John R. Saltzman, MD reviewing Choi IJ et al. N Engl J Med 2020 Jan 30

Risk factors for gastric cancer include infection with H. pylori and a family history of gastric cancer. Having a first-degree relative with gastric cancer is associated with a twofold to threefold increased risk for gastric cancer. So, for people in this high-risk category, does eradication of H. pylori reduce risk for gastric cancer?

To answer this question, investigators from Korea performed a single-center, double-blind, placebo-controlled trial in 1676 patients who had a first-degree relative with gastric cancer and endoscopically documented H. pylori infection. The treatment group received amoxicillin, clarithromycin, and lansoprazole twice daily for 7 days, and eradication was confirmed in 551 of 786 participants (70.1%).

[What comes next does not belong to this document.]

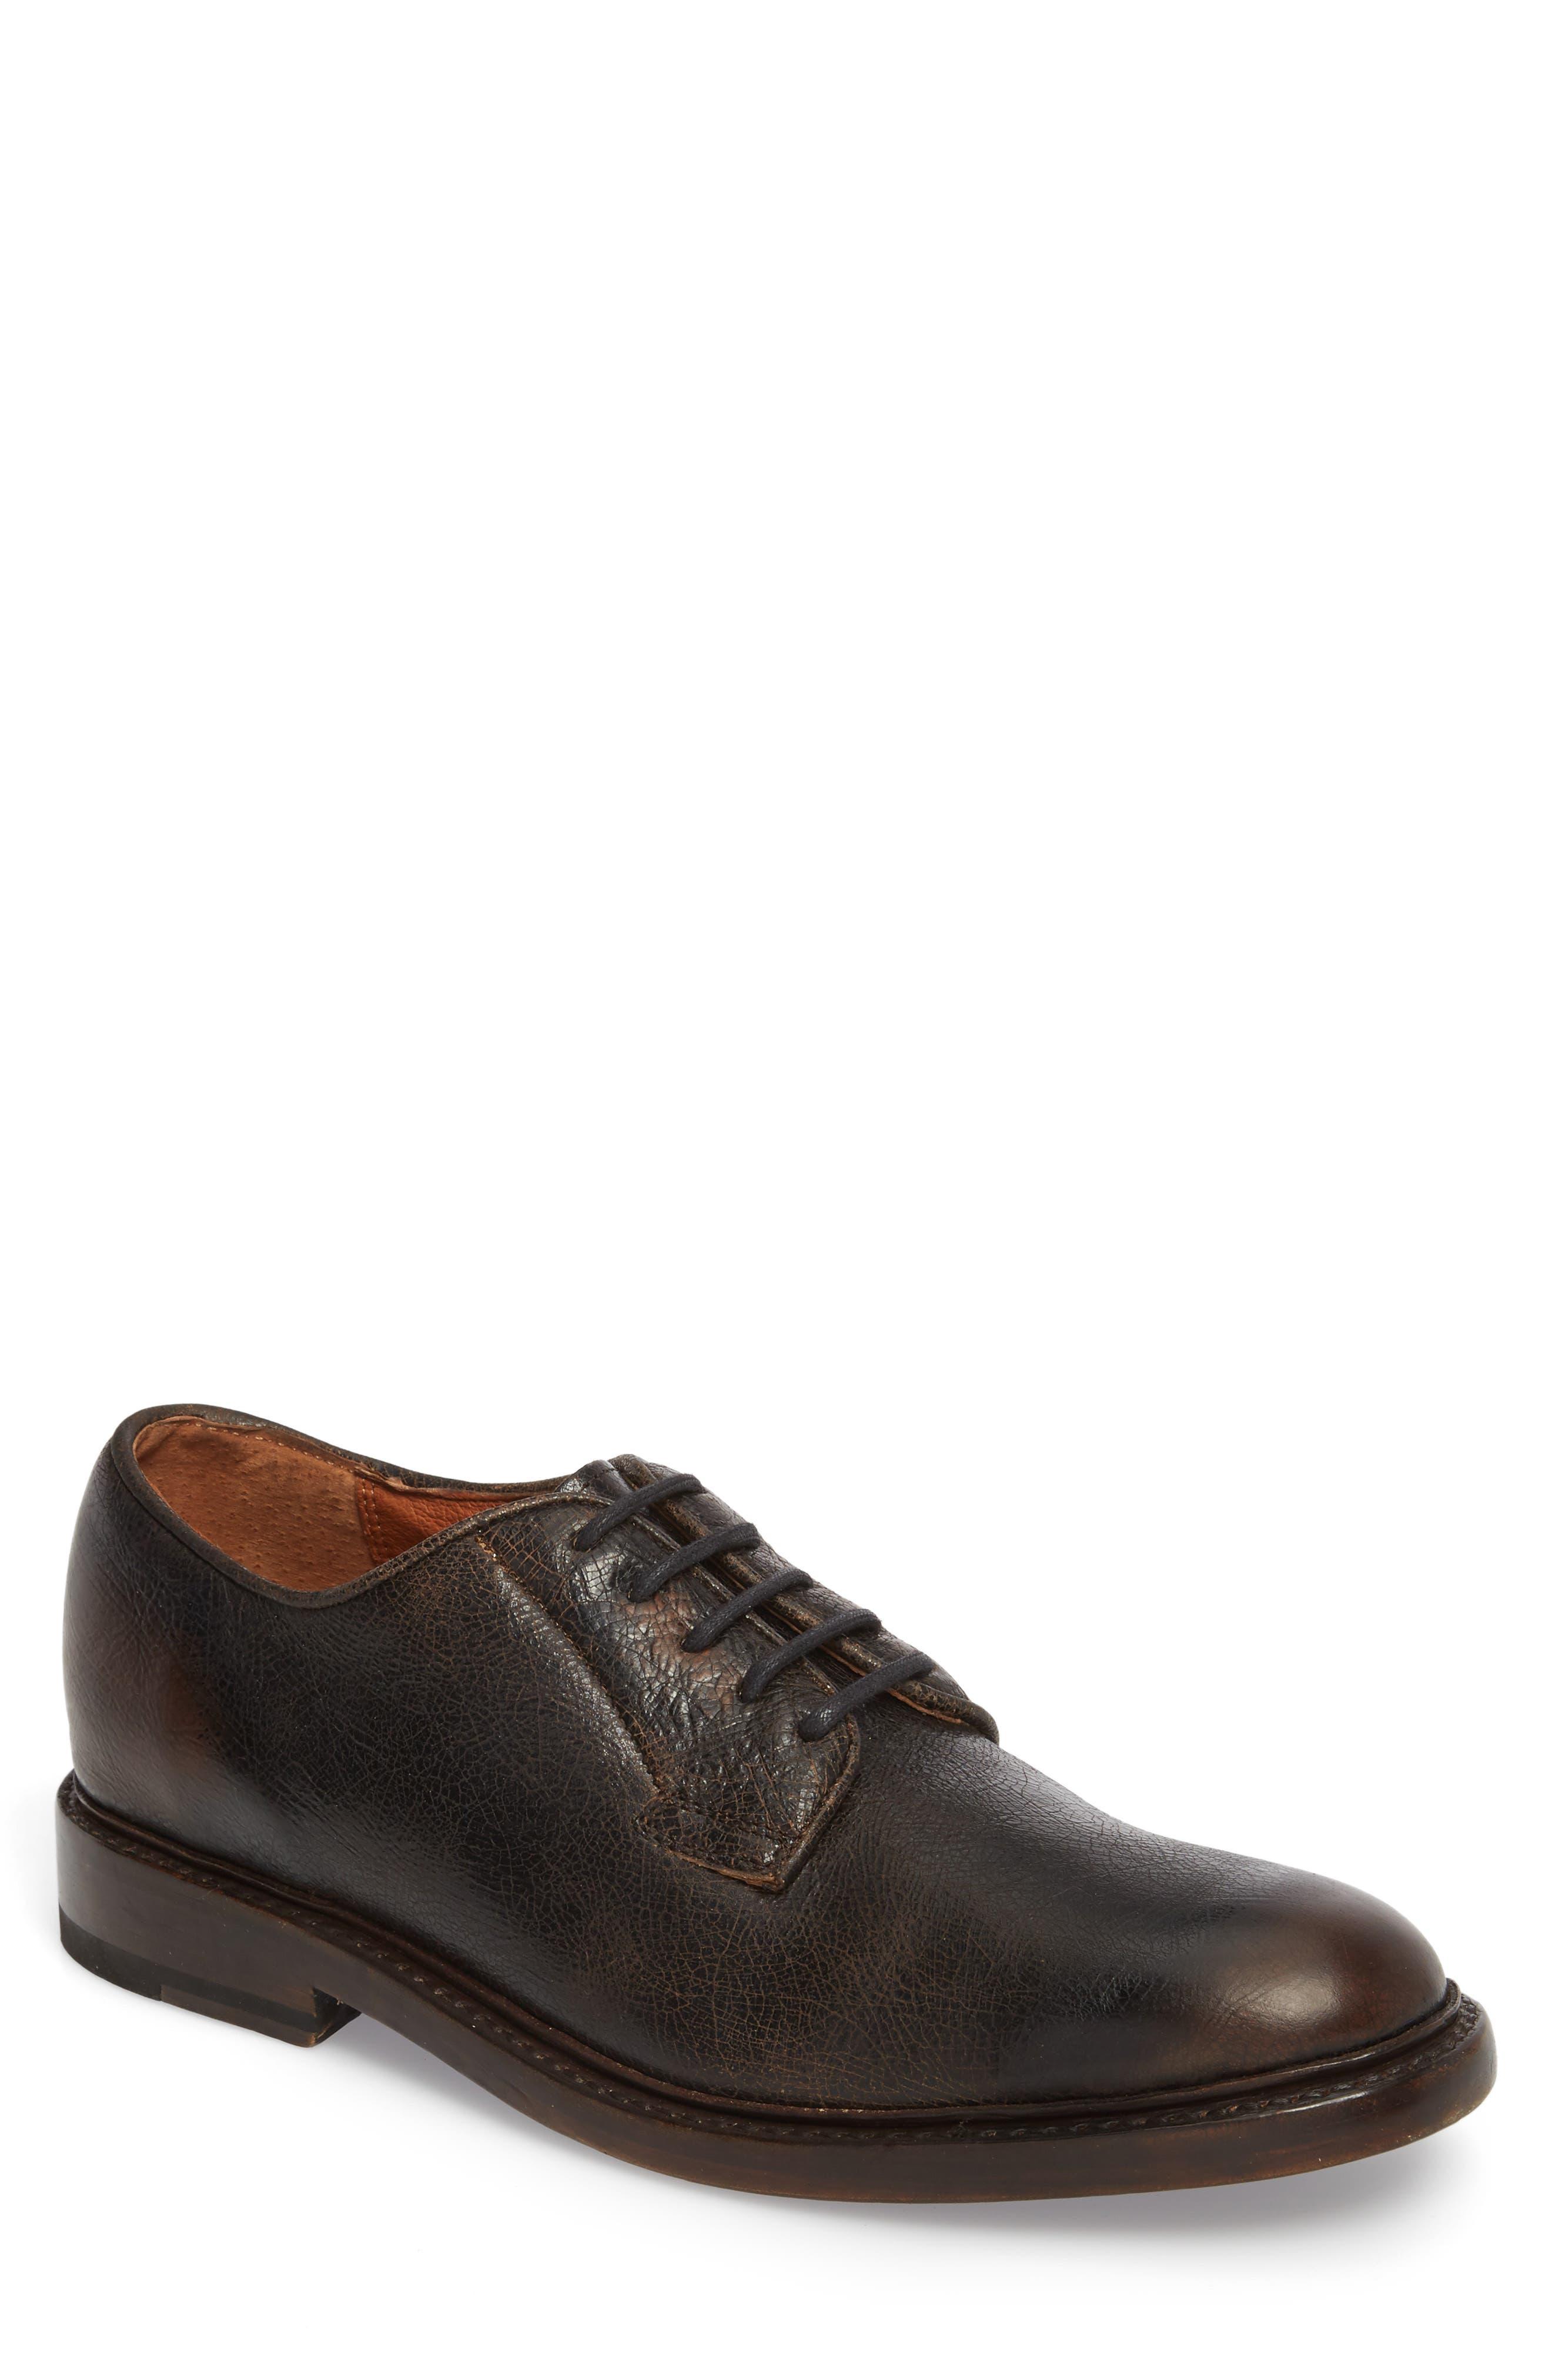 Jones Plain Toe Derby,                         Main,                         color, Dark Brown Leather

During a median follow-up of 9 years, gastric cancer developed in 10 people (1.2%) in the treatment group compared with 23 people (2.7%) in the placebo group. In patients with successful H. pylori eradication, gastric cancer developed in 5 of 608 (0.8%) compared with 28 of 979 (2.9%) with persistent infection (hazard ratio, 0.27).

Comment: Successful eradication of H. pylori infection reduced the risk for gastric cancer by 73% in first-degree relatives of persons with gastric cancer. As this study was performed in Korea where there is a high prevalence of H. pylori infection, it is not clear if a similar benefit would be seen in other patient populations. H. pylori treatment regimens containing clarithromycin should only be used in patients with no previous history of macrolide exposure who reside in areas where H. pylori clarithromycin resistance is low. Since H. pylori is the only modifiable risk factor for gastric cancer, I would recommend testing for it, eradicating it if present, and documenting successful eradication in persons with a first-degree family member with gastric cancer.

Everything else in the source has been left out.